From the entries, copy each line that includes "Design".

*DATASET EXCERPTS*
☆ ☆ ☆
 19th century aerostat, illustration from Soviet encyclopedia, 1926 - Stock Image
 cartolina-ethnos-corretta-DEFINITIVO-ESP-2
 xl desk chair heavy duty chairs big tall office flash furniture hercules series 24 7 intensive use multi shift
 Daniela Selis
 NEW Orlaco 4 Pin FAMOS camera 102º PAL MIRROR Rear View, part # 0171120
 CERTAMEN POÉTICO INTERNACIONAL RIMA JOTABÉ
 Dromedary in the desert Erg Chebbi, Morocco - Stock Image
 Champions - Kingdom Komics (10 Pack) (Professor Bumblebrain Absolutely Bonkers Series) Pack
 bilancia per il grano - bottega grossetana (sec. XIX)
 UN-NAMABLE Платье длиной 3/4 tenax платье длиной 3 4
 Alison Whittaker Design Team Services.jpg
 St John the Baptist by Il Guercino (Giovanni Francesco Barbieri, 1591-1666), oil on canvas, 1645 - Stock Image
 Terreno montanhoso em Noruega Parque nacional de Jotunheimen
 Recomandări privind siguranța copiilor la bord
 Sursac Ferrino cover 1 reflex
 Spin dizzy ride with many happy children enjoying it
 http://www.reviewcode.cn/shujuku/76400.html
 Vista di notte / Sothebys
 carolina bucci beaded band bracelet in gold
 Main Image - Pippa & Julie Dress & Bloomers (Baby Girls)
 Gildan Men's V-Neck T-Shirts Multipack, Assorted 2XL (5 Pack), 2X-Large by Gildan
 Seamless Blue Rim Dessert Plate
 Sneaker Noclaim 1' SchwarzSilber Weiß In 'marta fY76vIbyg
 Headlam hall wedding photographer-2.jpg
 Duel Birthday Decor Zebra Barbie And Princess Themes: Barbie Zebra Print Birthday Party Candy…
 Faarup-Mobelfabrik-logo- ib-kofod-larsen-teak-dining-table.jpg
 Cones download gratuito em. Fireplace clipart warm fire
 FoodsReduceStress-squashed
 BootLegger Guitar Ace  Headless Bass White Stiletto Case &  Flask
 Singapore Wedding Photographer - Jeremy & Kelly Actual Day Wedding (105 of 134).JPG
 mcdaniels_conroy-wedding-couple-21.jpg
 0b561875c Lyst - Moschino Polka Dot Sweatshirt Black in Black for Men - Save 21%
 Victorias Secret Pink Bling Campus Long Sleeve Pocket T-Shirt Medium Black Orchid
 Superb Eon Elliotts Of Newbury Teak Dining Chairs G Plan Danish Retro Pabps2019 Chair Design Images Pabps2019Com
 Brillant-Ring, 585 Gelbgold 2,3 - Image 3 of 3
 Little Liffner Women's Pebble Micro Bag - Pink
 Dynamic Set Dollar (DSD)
☆ ☆ ☆
*SOLUTION FOR THIS EXERCISE*
 Alison Whittaker Design Team Services.jpg
 Superb Eon Elliotts Of Newbury Teak Dining Chairs G Plan Danish Retro Pabps2019 Chair Design Images Pabps2019Com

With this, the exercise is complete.